Three, Doguwa swears by his four wives and sees himself as powerful because, as he once told Daily Trust, he has control over them. “What I did on the floor of the House, for me, was an act of pride. For my four wives, it was an act of pride, and all of them went home very happy. It’s because I have control over them. I’m not a soldier, I’m a democrat, and for me to bring together my four wives to the floor of the House and they all played along with me in peace, that goes to confirm that I’m a reliable husband. I’m a just husband”, Doguwa had said in response to media criticism of his wives’ parade on the floor of the House back then in 2020. It is rather interesting that Doguwa’s lexis in describing his relationshipwithhis wives were centred on power and control. Not love! Not respect! It’s not unlikely that Doguwa sees women as useful only for childbearing. Remember he introduced his four wives on the floor of the House not on the strength of their education and accomplishments, but on the total number of children they have. Of the 28 children, we do not know who has what number of children among the four wives. But taking a hypothetical average, each wife would have 7.5 children. Considering the energy, time and patience required in pregnancy, childbirth and motherhood, it would be difficult for Doguwa’s wives to live any other life outside of being perpetual nursing mothers. Yet, the House Leader says he’s not done; that he plans to have two more children before 2023. Good for him.

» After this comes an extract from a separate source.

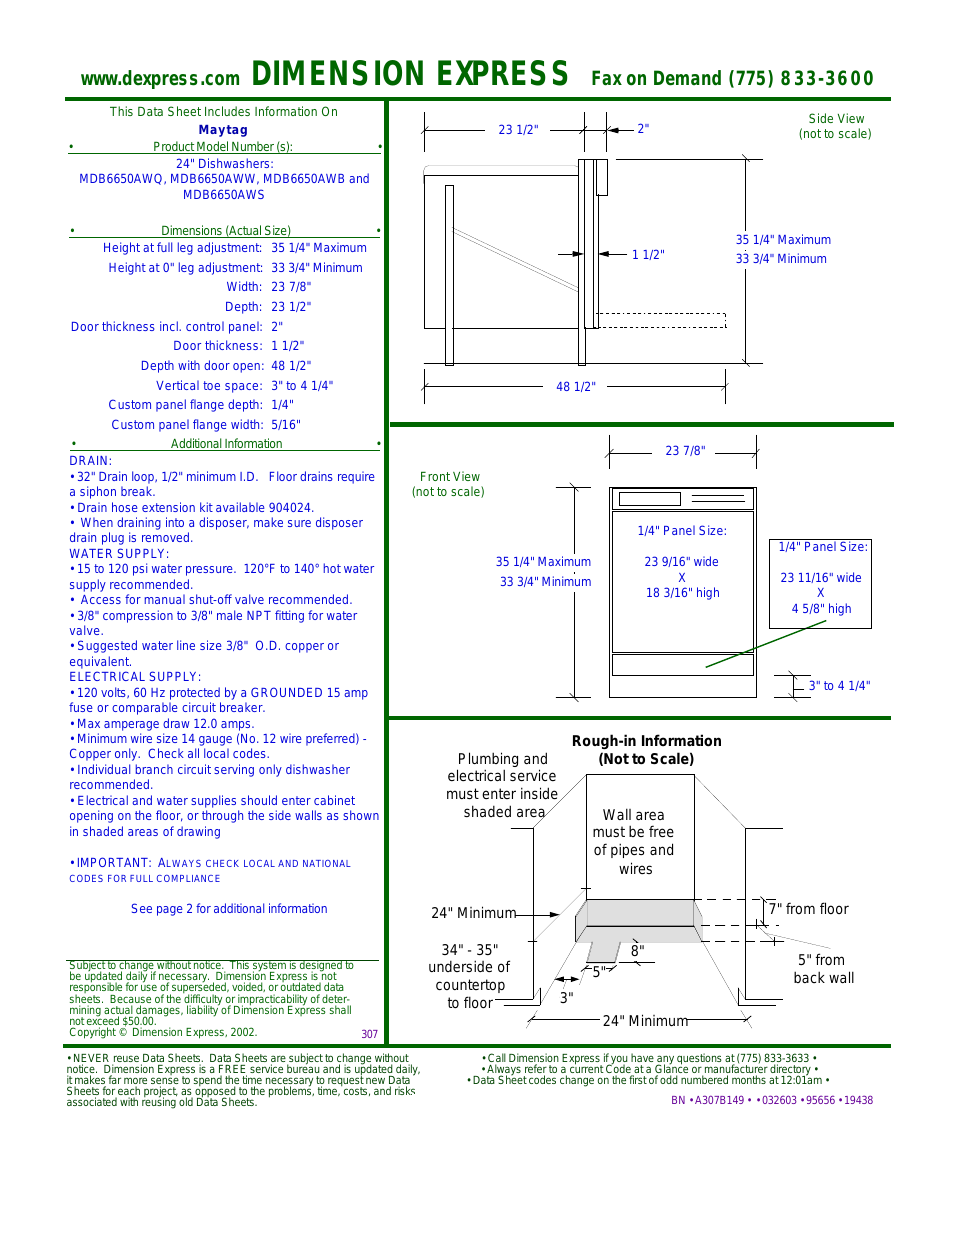 MDB6650AWW Dimension Guide

One last thing. Doguwa said he would appeal to his colleagues to suspend the House rules and include a clause in the Electoral Act allowing families that have up to 30 children to have polling units in their compound. We should look beyond the joke to the thoughts shaping it. The Yoruba have a saying, inuawada lati nmoooto – it’s from jokes that truth rears its head.If events in the National Assembly since 1999 were any guide, we know that our lawmakers place greater importance on matters affecting their interests than issues of public good. During the Obasanjo administration, the leadership of the National Assembly once colluded with the presidency to smuggle a clause into a law. So, we should take nothing for granted.

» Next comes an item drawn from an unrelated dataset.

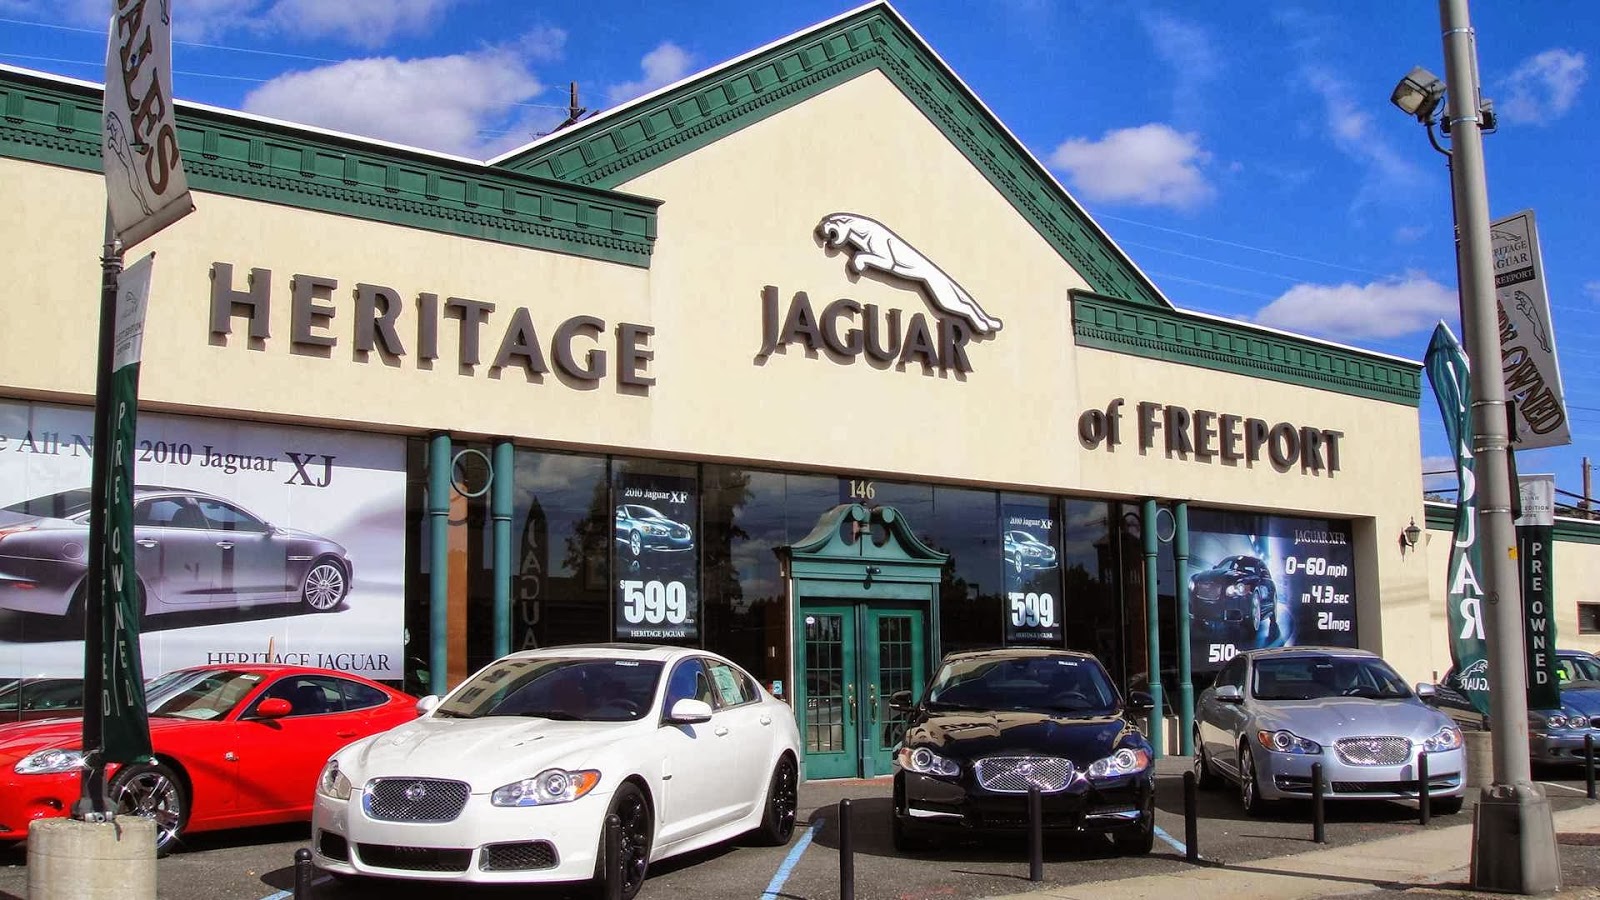 Photo of Jaguar Freeport in Freeport City, New York, United States - 1 Picture of Point of interest, Establishment, Car dealer, Store, Car repair

Doguwa should be treated with suspicion. Although he is said to have graduated first class, he is simply one entitled politician whose world view on women belongs somewhere in the 14thCentury. A politician who has mastered the House’s intrigues and power play, Doguwa, having been Chief Whip in the 8th House and Leader in the 9th, is in pole position to emerge Speaker in the 10th in the likely possibility the ruling APC (All Progressives Congress) has majority members. Imagine a Speaker Doguwa for four years! It wouldn’t be surprising to have on the list of his agenda the siring of additional 10 children, since he appears to be in competition to outperform his late father who had over 40 children. For Doguwa, the person and the politician, it’s all power without control.